H Pylori Bacteria Infection, Symptoms, Causes, Diagnosis, Treatment
H Pylori Bacteria Infection (Helicobacter pylori), previously named Campylobacter pyloridis, is a Gram-negative, microaerophilic bacterium found in the stomach. It was identified in 1982 by Barry Marshall and Robin Warren, who found that it was present in patients with chronic gastritis and gastric ulcers, conditions that were not previously believed to have a microbial cause. It is also linked to the development of duodenal ulcers and stomach cancer. However, over 80 percent of individuals infected with the bacterium are asymptomatic and it has been postulated that it may play an important role in the natural stomach ecology.
More than 50% of the world’s population harbor H. pylori in their upper gastrointestinal tract. Infection is more prevalent in developing countries, and incidence is decreasing in Western countries. H. pylori’s helix shape (from which the generic name is derived) is thought to have evolved to penetrate the mucoid lining of the stomach.

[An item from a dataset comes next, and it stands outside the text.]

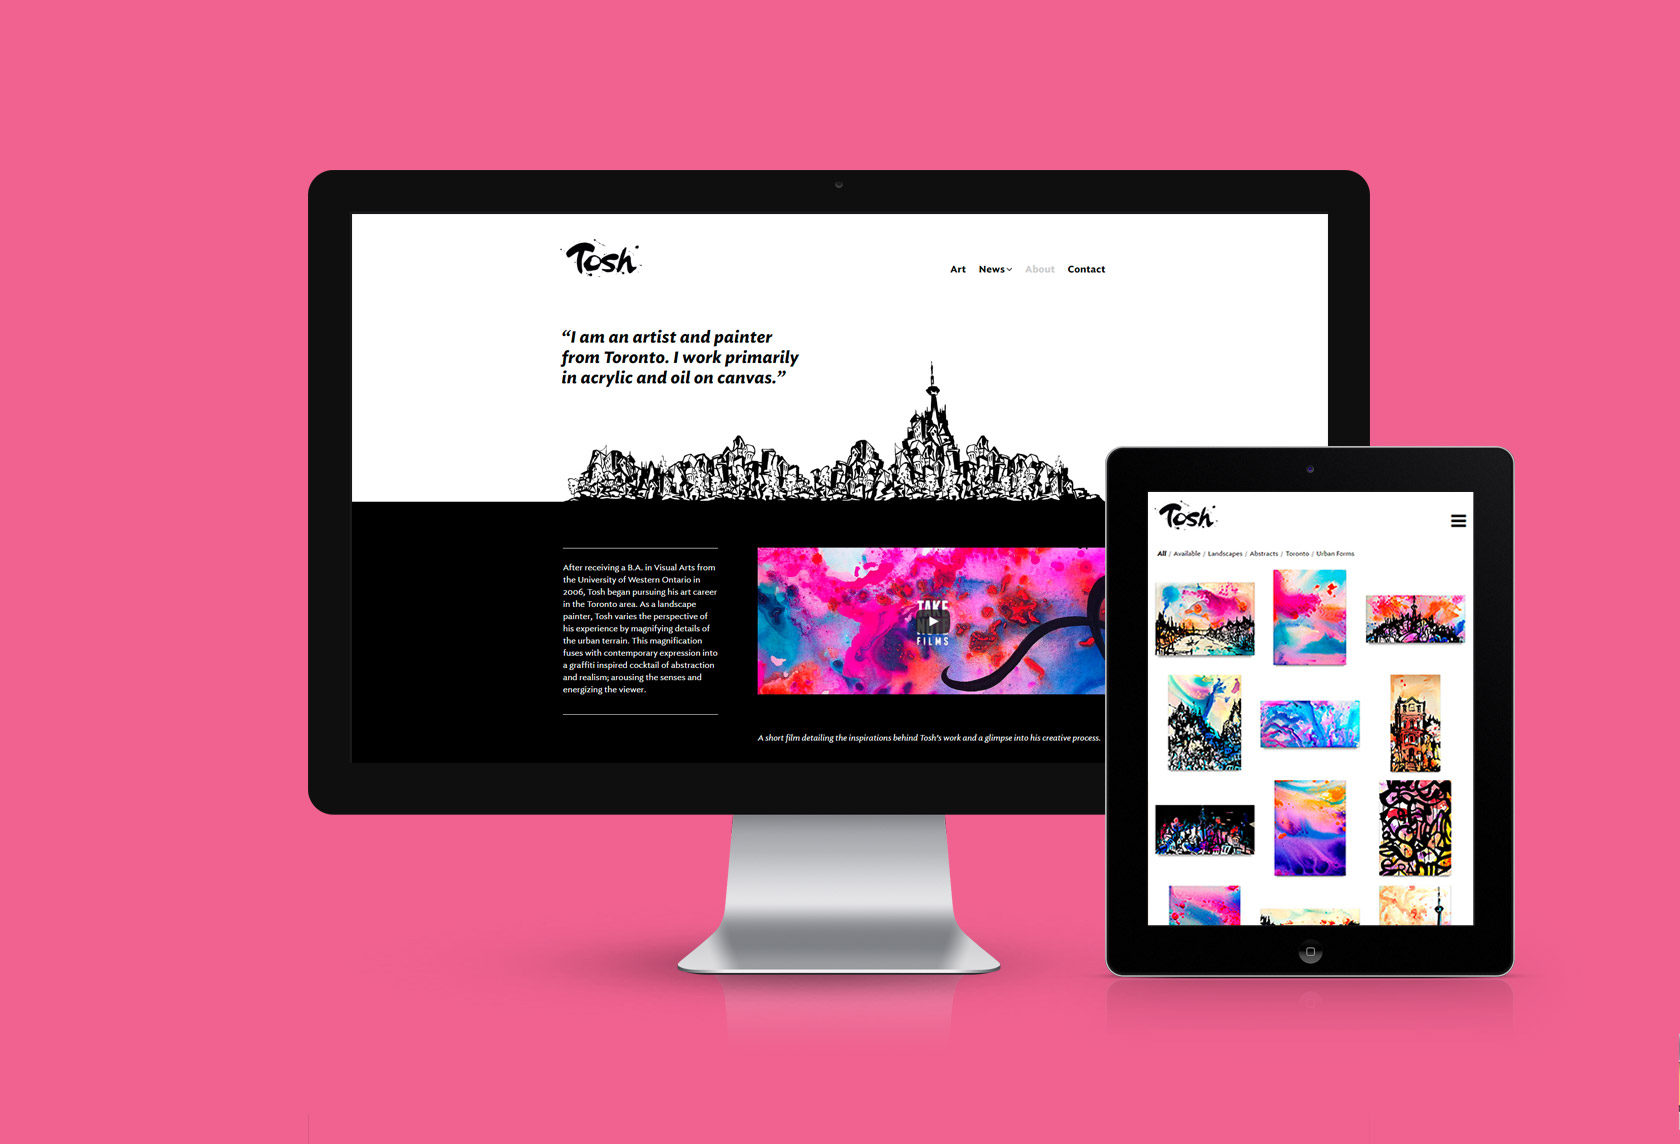 Tosh Jeffrey Website Design by Furia

H Pylori Bacteria Infection
Signs and Symptoms:
Over 80% of people infected with H. pylori show no symptoms. Acute infection may appear as an acute gastritis with abdominal pain (stomach ache) or nausea. Where this develops into chronic gastritis, the symptoms, if present, are often those of non-ulcer dyspepsia: stomach pains, nausea, bloating, belching, and sometimes vomiting or black stool.
Individuals infected with H. pylori have a 10 to 20% lifetime risk of developing peptic ulcers and a 1 to 2% risk of acquiring stomach cancer. Inflammation of the pyloric antrum is more likely to lead to duodenal ulcers, while inflammation of the corpus (body of the stomach) is more likely to lead to gastric ulcers and gastric carcinoma. However, it is possible that H. pylori plays a role only in the first stage that leads to common chronic inflammation, but not in further stages leading to carcinogenesis.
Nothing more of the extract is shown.